NEMEC Matúš SÝS Marek ŠVENDA Petr KLINEC Dušan MATYÁŠ Václav

Year of publication 2017
Type Article in Proceedings
Conference Proceedings of the 2017 ACM SIGSAC Conference on Computer and Communications Security
MU Faculty or unit

Faculty of Informatics

Citation
Web
Doi http://dx.doi.org/10.1145/3133956.3133969
Field Informatics
Keywords RSA; factorization; smartcard; Coppersmith's algorithm
Description We report on our discovery of an algorithmic flaw in the construction of primes for RSA key generation in a widely-used library of a major manufacturer of cryptographic hardware. The primes generated by the library suffer from a significant loss of entropy.

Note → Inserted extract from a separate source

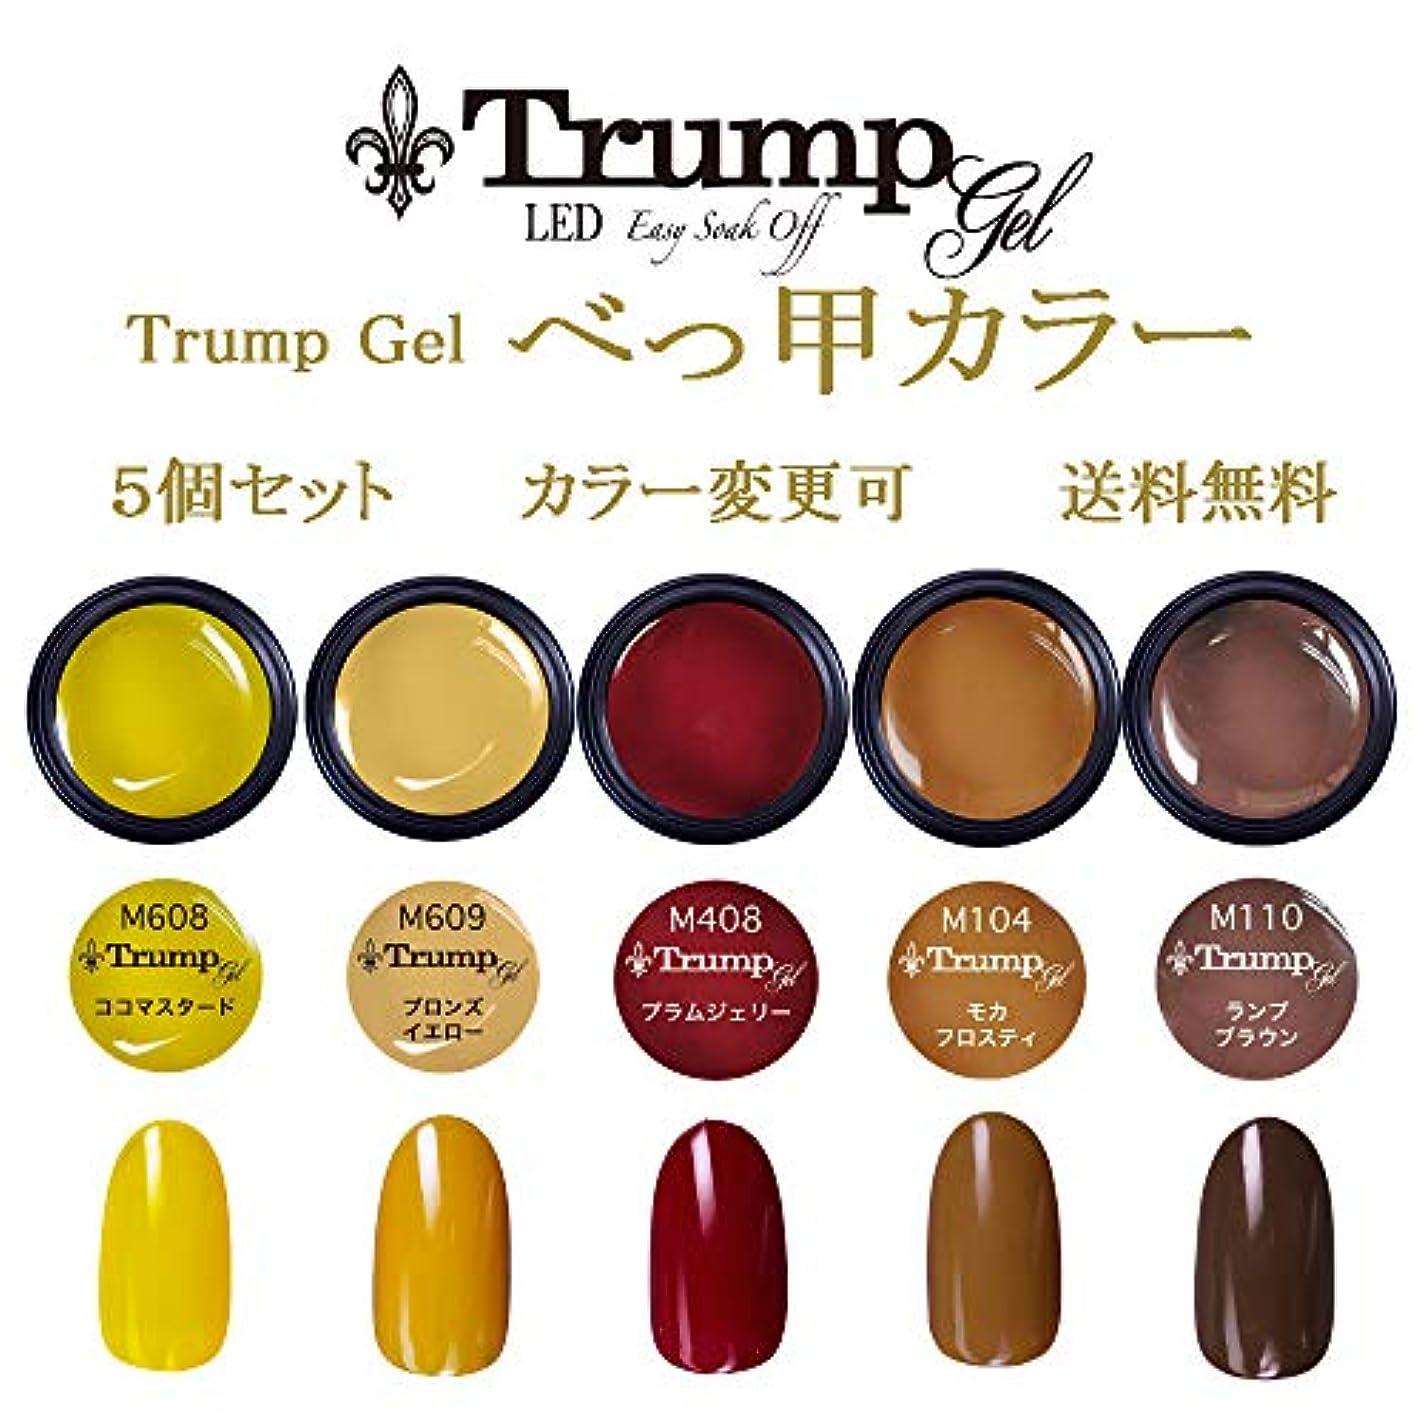 結晶プレゼン電報日本製 Trump gel トランプジェル べっ甲 ネイルカラー 選べる カラージェル 5個セット イエロー ブラウン ワイン べっこう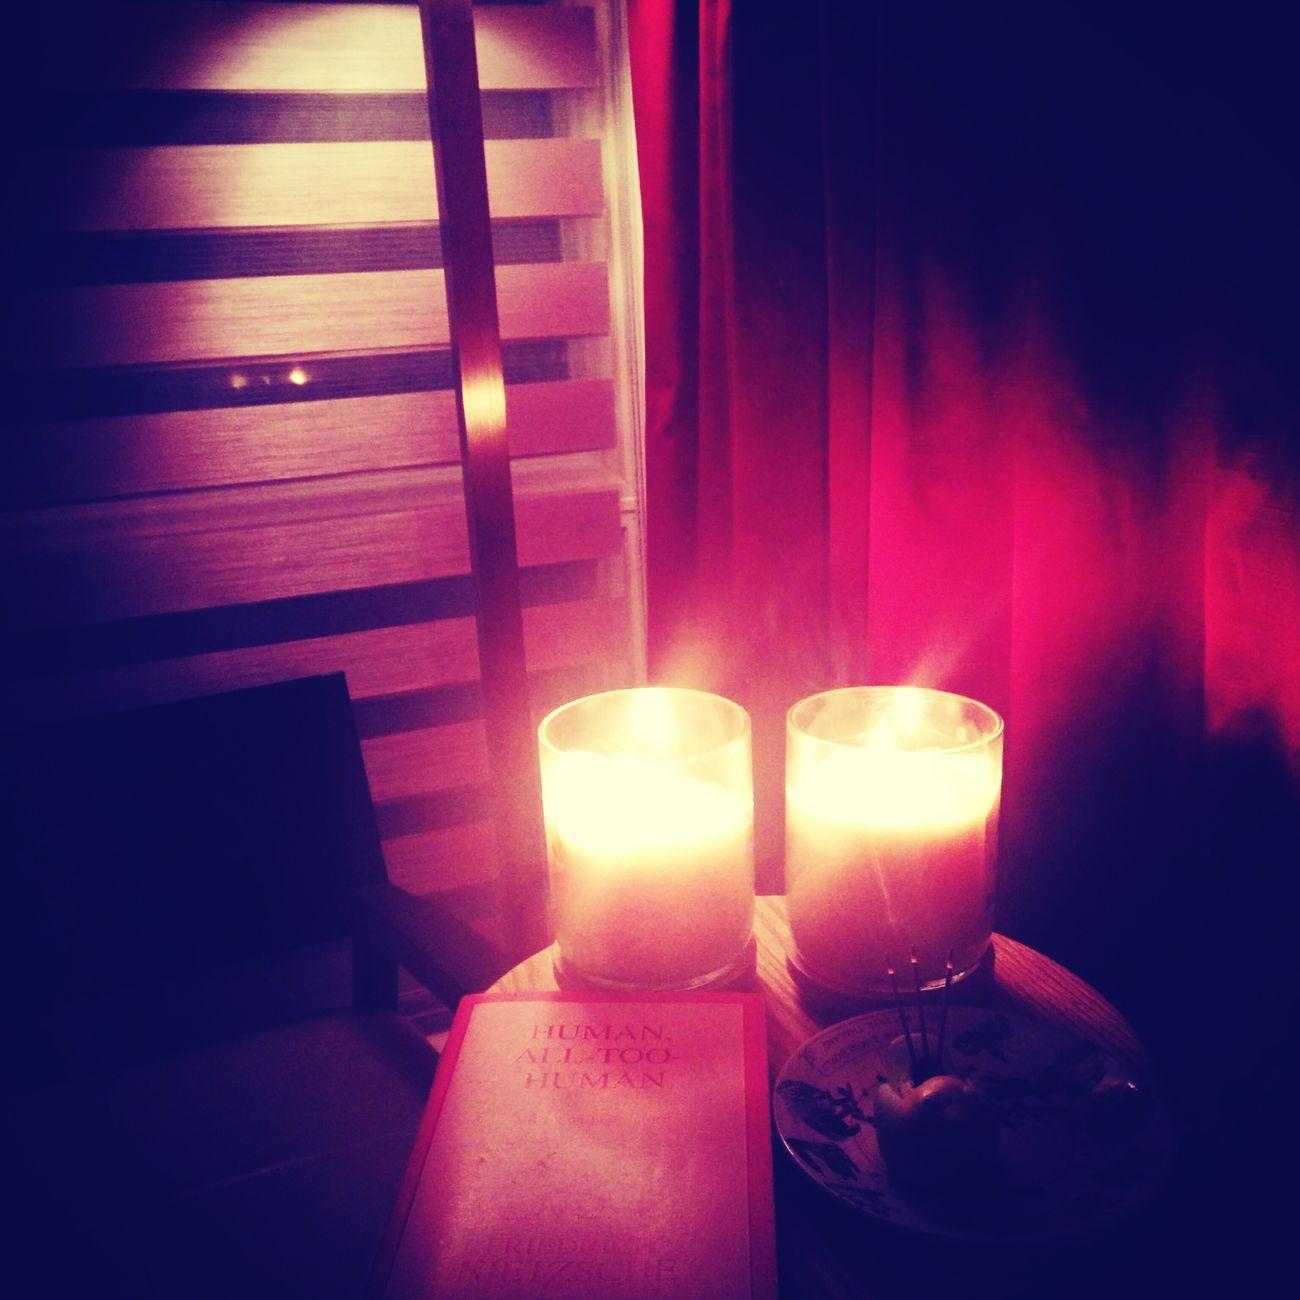 FriedrichNietzsche Nietzsche Philosophy TBT  Thursday Thursdaynight Toronto Home Sweet Home Night Lights Reading

We propose a practical factorization method for various key lengths including 1024 and 2048 bits. Our method requires no additional information except for the value of the public modulus and does not depend on a weak or a faulty random number generator. We devised an extension of Coppersmith's factorization attack utilizing an alternative form of the primes in question. The library in question is found in NIST FIPS 140-2 and CC EAL 5+ certified devices used for a wide range of real-world applications, including identity cards, passports, Trusted Platform Modules, PGP and tokens for authentication or software signing. As the relevant library code was introduced in 2012 at the latest (and probably earlier), the impacted devices are now widespread. Tens of thousands of such keys were directly identified, many with significant impacts, especially for electronic identity documents, software signing, Trusted Computing and PGP. We estimate the number of affected devices to be in the order of at least tens of millions. The worst cases for the factorization of 1024 and 2048-bit keys are less than 3 CPU-months and 100 CPU-years on single core of common recent CPUs, respectively, while the expected time is half of that of the worst case. The attack can be parallelized on multiple CPUs. Worse still, all susceptible keys contain a strong fingerprint that is verifiable in microseconds on an ordinary laptop -- meaning that all vulnerable keys can be quickly identified, even in very large datasets.